Das Jugendwort des Jahres 2017 lautet: I bims. Mit ähnlicher Egozentrik betrat auch das Jahr 2018 die Bühne der Geschichte, als wollte es uns sagen: Die Achterjahre haben’s in sich, I bims. Ihr werdet euch noch wundern, was alles bei mir möglich ist.
So sage auch ich: Hallo, I bims wieder. Ich hatte das letzte Jahr heimgeschickt und eröffne dieses, vong Blog her (auch so ein Jugendsprachdings). Der letzte Beitrag galt dem Jahresrückblick, das hier ist eine Fünf-Jahres-Vorschau, vielleicht auch ein bisserl zweijähriges Jubiläum des IM BLOGs. Tja, wir kommen in die Jahre, und während ich Uhu (Unterhundertjähriger) mich hier in der Jugendsprache wälze, geht die Jugend unter Dauernieselregen demonstrieren. Also lautet die Frage: Was lernen wir daraus?

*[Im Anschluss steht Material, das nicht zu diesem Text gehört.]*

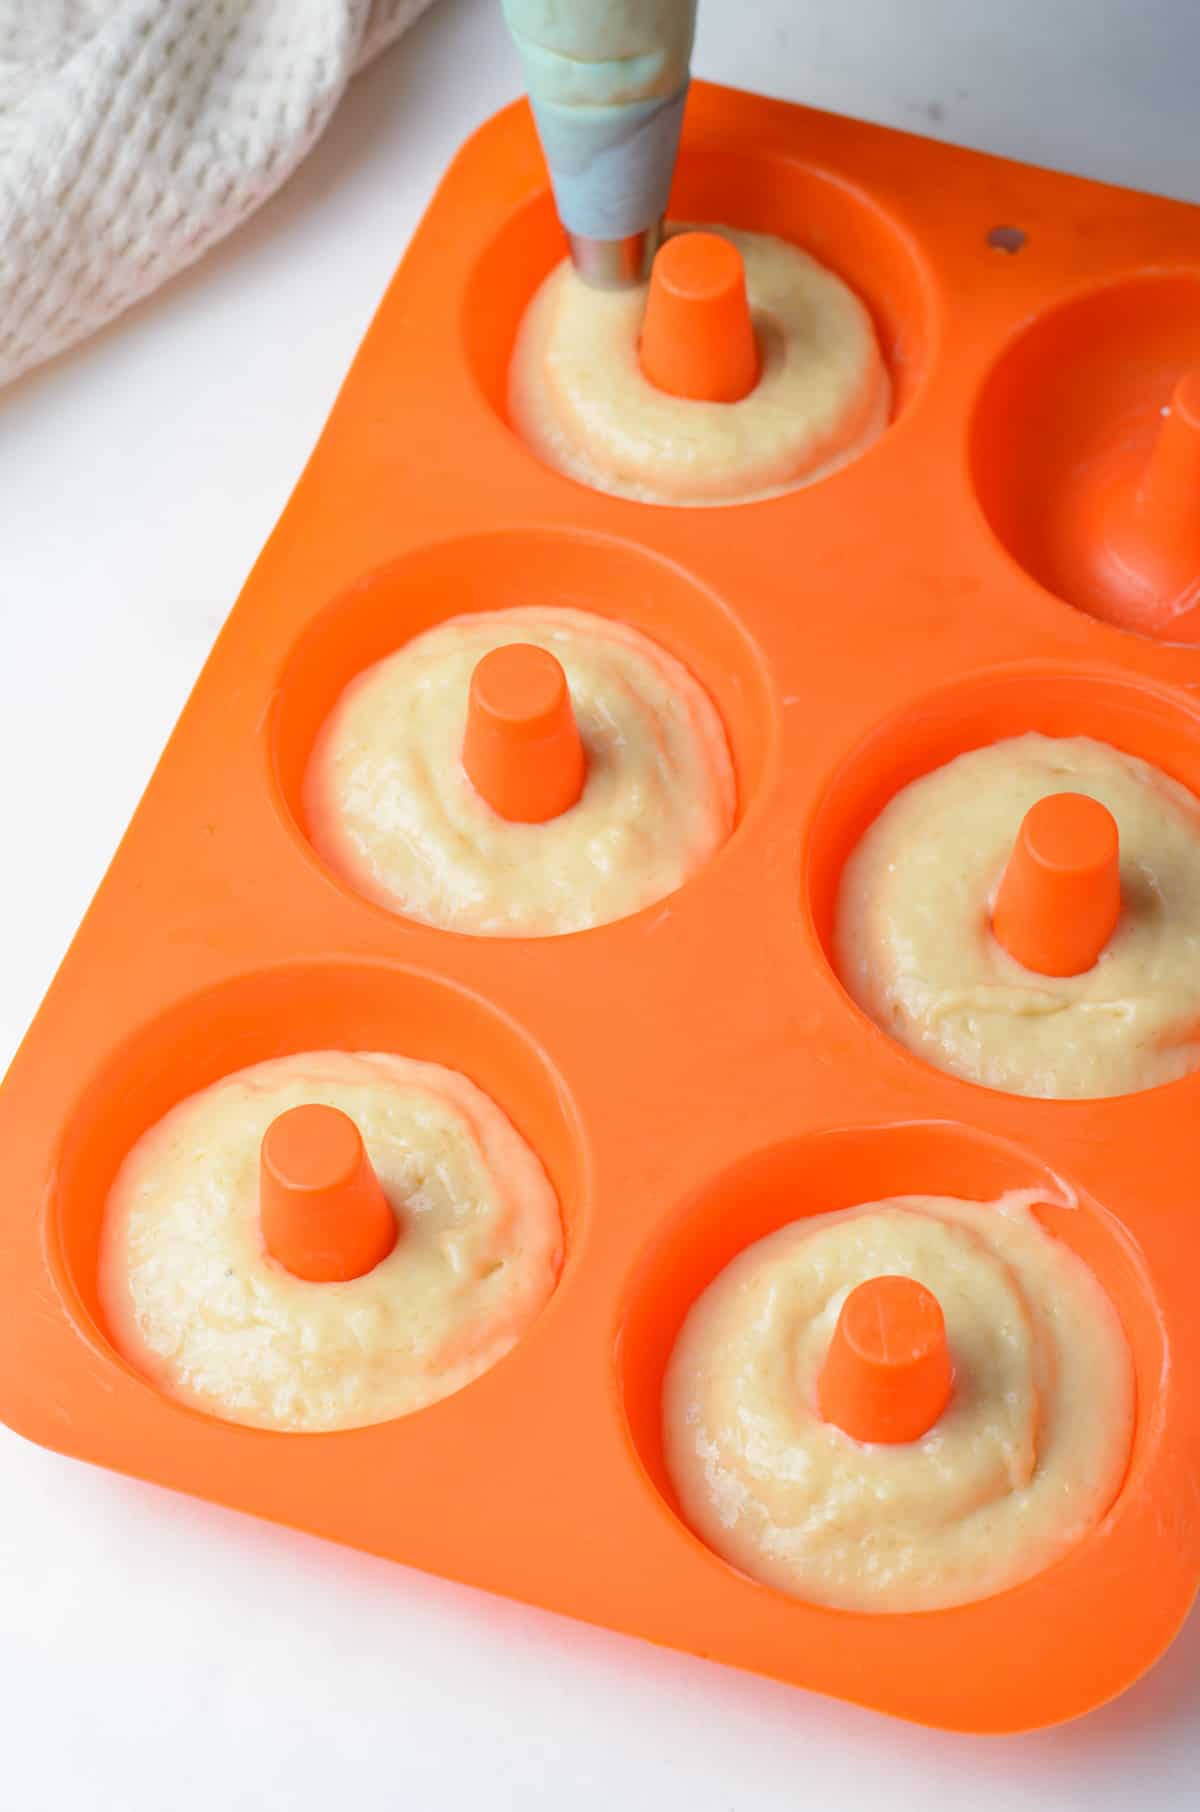 fill the donut pan with batter

Und schon wird es intellektuell. Eines der berühmtesten Karl-Marx-Zitate geht so:
„Hegel bemerkte irgendwo, dass alle großen weltgeschichtlichen Tatsachen und Personen sich sozusagen zweimal ereignen. Er hat vergessen, hinzuzufügen: das eine Mal als Tragödie, das andere Mal als Farce.“
Ob das nun Hegel genau so gesagt oder gemeint hat, interessiert hier nicht wirklich. Das Bonmot ist schön formuliert, passt auch gut zu dem Ereignis, das Marx im Auge hatte, nämlich zum Bonapartismus. Schließlich hieß der Mann ja auch Marx und nicht Kern.
Operette statt Trauerspiel
Was sich seit Dezember des letzten Jahres hierzulande abzeichnet, ist zwar die Wiederholung einer schwarzblauen Tragödie, mit deren Nebeneffekten (Stichwort: KHG) sich die Republik noch heute plagen muss – von deren politischen Folgen ganz zu schweigen. Allerdings lässt nichts an dem nun auf uns zukommenden Zweitaufguss der FPÖVP an eine Farce denken. Wir haben es eher mit einem bürgerlichen Trauerspiel zu tun, das viele Mitbürger_innen der „Mitte“ leider auf die ortstypische Weise zu deuten suchen: Die Lage ist hoffnungslos, aber nicht ernst.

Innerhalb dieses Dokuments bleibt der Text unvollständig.